◆ WHAT YOU ARE ASKED TO DO ◆
In the listing below, write out exactly each line from the first through the one containing "Students representing the".

◆ DATA FOR THE TASK ◆
----
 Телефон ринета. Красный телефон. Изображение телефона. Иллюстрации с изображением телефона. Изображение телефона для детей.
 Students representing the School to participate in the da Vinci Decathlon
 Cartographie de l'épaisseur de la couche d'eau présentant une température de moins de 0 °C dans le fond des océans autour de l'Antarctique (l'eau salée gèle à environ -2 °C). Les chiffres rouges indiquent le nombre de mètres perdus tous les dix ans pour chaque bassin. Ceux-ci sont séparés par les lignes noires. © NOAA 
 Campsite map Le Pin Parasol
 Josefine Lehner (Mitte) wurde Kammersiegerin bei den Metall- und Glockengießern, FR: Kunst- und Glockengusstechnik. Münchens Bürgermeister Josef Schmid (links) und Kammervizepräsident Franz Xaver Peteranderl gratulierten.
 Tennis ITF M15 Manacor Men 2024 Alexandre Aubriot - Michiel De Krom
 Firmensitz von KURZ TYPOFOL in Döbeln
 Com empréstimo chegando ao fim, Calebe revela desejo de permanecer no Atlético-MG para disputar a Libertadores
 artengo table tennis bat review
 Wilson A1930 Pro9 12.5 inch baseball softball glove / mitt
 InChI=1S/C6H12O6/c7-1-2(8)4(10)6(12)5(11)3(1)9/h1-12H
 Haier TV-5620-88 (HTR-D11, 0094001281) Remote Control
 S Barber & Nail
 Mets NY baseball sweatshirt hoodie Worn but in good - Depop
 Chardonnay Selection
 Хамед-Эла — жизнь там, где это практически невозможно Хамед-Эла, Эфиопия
----
◆ THE ANSWER ◆
 Телефон ринета. Красный телефон. Изображение телефона. Иллюстрации с изображением телефона. Изображение телефона для детей.
 Students representing the School to participate in the da Vinci Decathlon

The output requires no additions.